What is expected — Everything in the records below from the line containing "The EVERT Emerald" through the line containing "Two-Component LSM-Tree" is to be reproduced exactly, those two lines included; no picture is to be copied.

━━━ Record excerpts ━━━

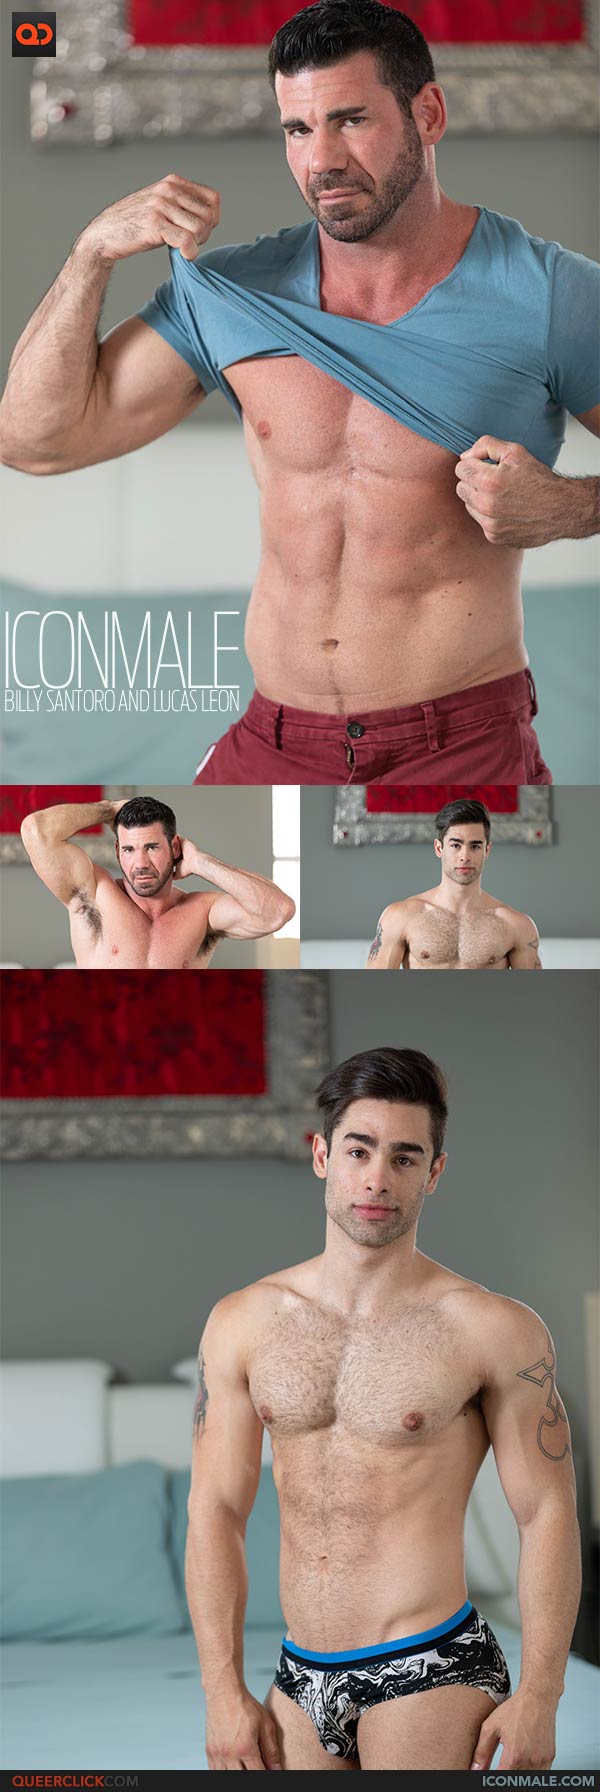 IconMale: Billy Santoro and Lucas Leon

━━━
━━━ Record excerpts ━━━

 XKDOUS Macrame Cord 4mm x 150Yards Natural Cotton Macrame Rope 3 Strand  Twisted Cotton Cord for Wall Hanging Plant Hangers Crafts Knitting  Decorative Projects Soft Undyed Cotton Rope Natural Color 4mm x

━━━
━━━ Record excerpts ━━━

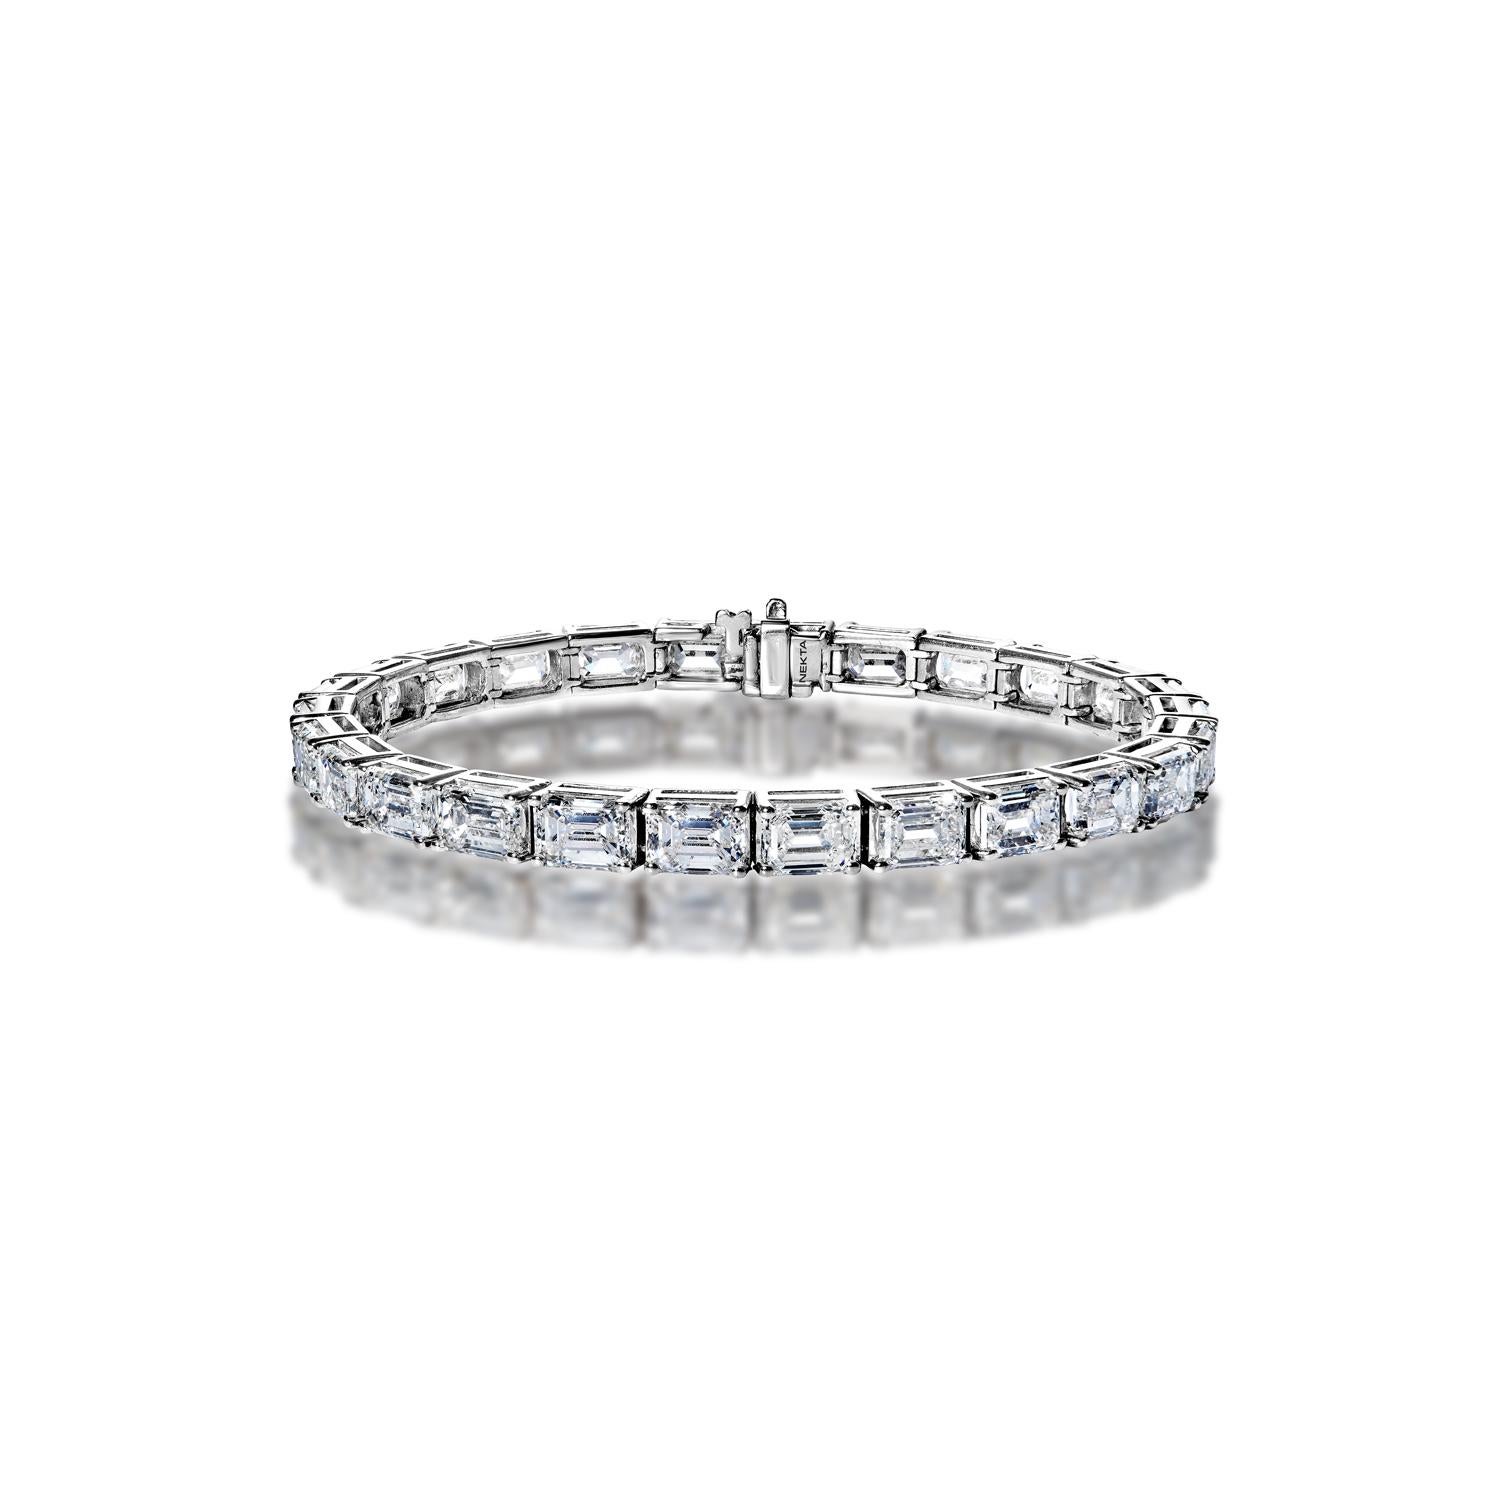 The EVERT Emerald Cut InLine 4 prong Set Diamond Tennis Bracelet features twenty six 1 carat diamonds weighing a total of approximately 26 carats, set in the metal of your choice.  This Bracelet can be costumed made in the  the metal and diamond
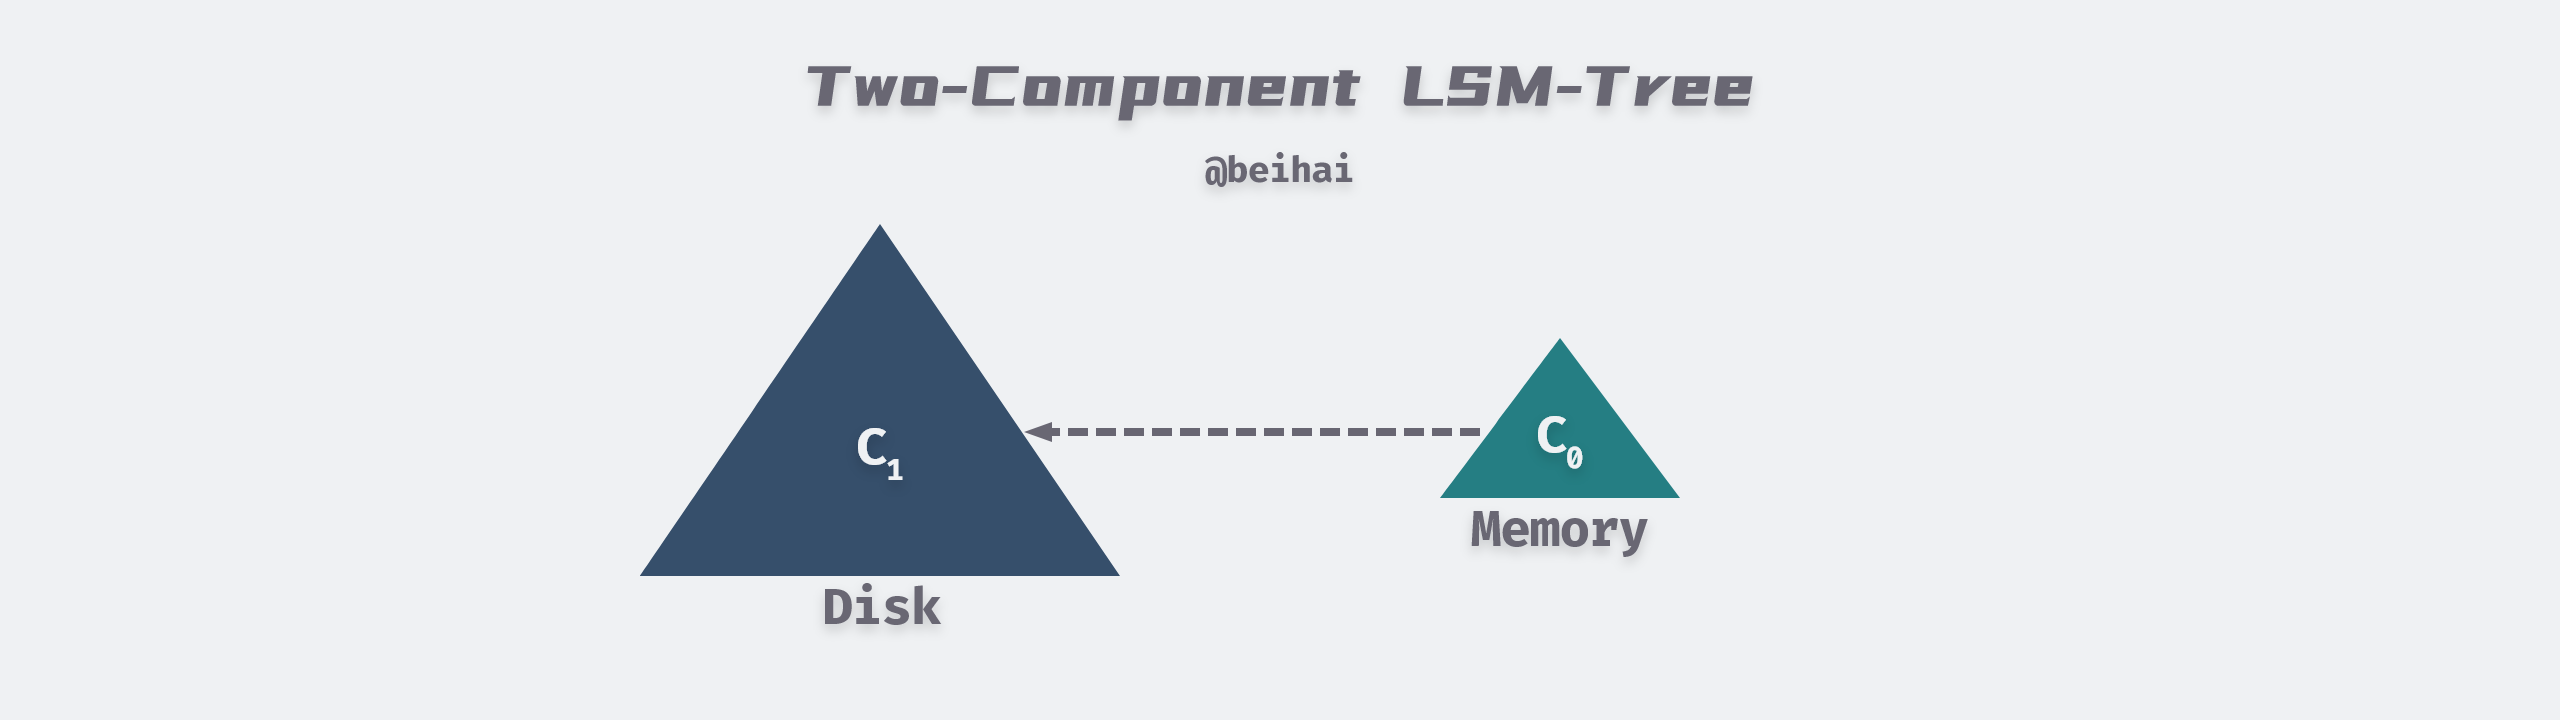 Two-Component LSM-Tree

━━━

Problem solution —
 The EVERT Emerald Cut InLine 4 prong Set Diamond Tennis Bracelet features twenty six 1 carat diamonds weighing a total of approximately 26 carats, set in the metal of your choice.  This Bracelet can be costumed made in the  the metal and diamond
 Two-Component LSM-Tree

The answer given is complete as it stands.